Treatment of secondary hypertension may require further evaluation and treatment by specialists.

You can’t always prevent high blood pressure. Some cases are the result of underlying health conditions or medication use. If your child has risk factors for health problems that cause hypertension, be sure to talk with your doctor about monitoring your child’s blood pressure to detect problems as early as possible.

In cases where high blood pressure is due to obesity, diet, or inactivity, the following lifestyle measures may help:

  • Eat a balanced diet. The CDC recommends a diet with plenty of fresh fruits and vegetables and less excess sugar and fat. Reducing sodium intake can also help, but talk with a doctor about the appropriate salt intake for your child based on their age and weight.
  • Practice a physical activity. Activities like walking, running, biking, and sports help kids move every day. The amount of exercise to get is based on age. In general, children between the ages of 6 and 17 should aim at least an hour of active time each day.
  • Maintain a moderate weight. Talk to your child’s doctor if you have any concerns about your child’s weight. Your doctor can help you create a plan to help your child achieve a weight within the recommended range for their age, size and sex.

If you have any questions or concerns about your child’s blood pressure, consider writing them down and bringing them to your next appointment.

How often should I check my child’s blood pressure?

The American Heart Association recommends checking your child’s blood pressure every year from 3 years.

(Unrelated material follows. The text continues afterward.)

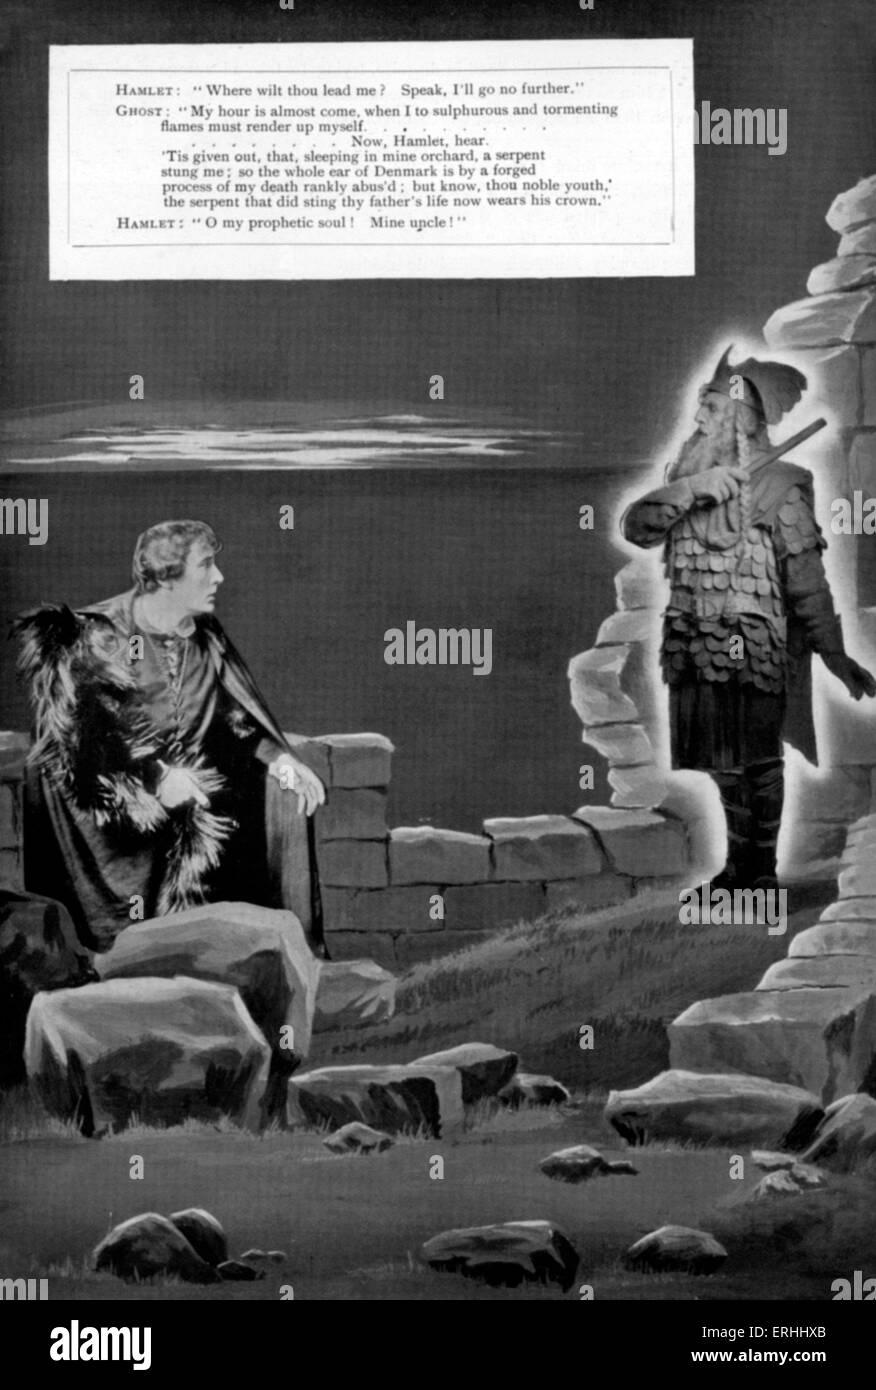 William Shakespeare 's play 'Hamlet' - Act I, scene 5: Hamlet (Henry Brodribb Irving) and the ghost - Stock Image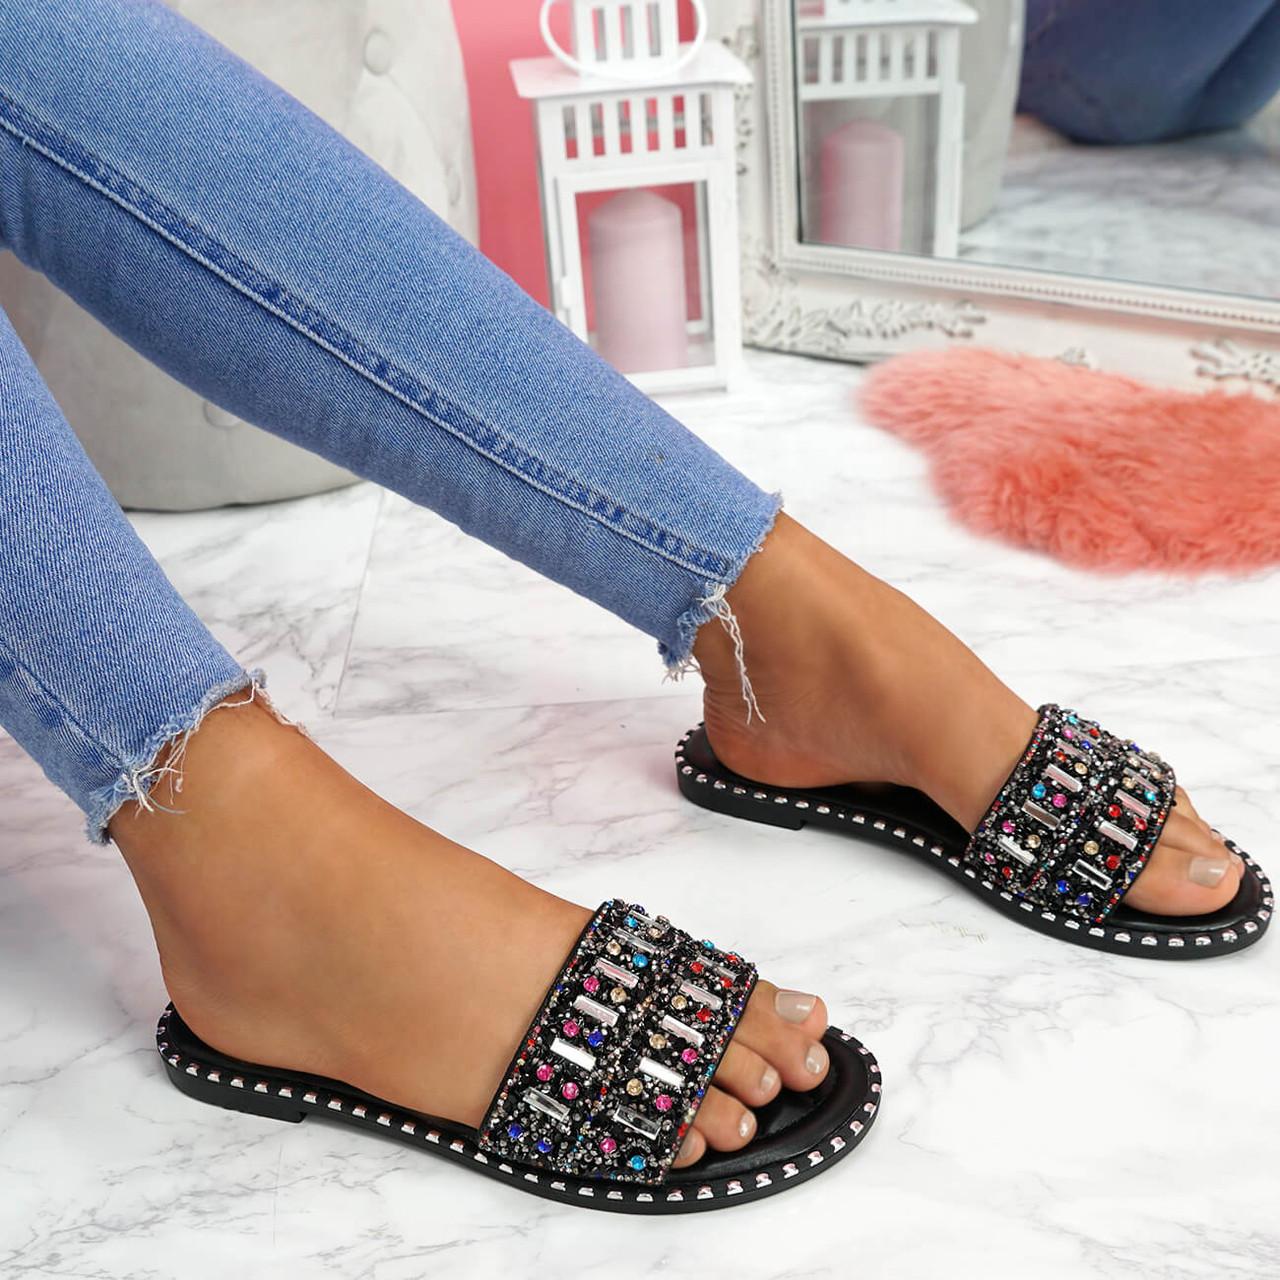 Geby Black Glitter Studded Sandals

This can happen during their annual physical exam. Some doctors may take your child’s blood pressure at each visit.

You can also talk to your pediatrician about having your child’s blood pressure checked more frequently if needed. You may want this if your child has an underlying medical condition, takes certain medications, or has other risk factors.

If you take your child’s blood pressure at home, it is important to use the correct size cuff. An ill-fitting cuff can distort the results.

Is high blood pressure hereditary?

Yes. Hypertension can be an inherited condition, which means it can run in families. When this is the case, doctors speak of familial hypertension. Beyond that, the CDC suggests that people in the same household are more likely to develop hypertension due to shared lifestyle factors, such as diet, physical activity and sleep patterns.

Why should my child see a nephrologist if he has high blood pressure?

High blood pressure affects the kidneys. Also, high blood pressure is a common symptom in children with chronic kidney disease.

Over time, high blood pressure can affect kidney function, making it difficult to pass body fluids and waste products. This can create a cycle increased blood pressure and further reduction in kidney function.

If your child’s blood pressure is high, a pediatrician may suggest making an appointment with a kidney specialist (nephrologist) for further evaluation.

Hypertension is a medical condition that is increasingly affecting children in the United States. High blood pressure may have no symptoms, so it is important to have a annual screening during your child’s health check-up. You may want to measure their blood pressure more regularly if your child has additional risk factors.

With prompt treatment and lifestyle changes, you can help your child avoid other health problems associated with high blood pressure as they grow.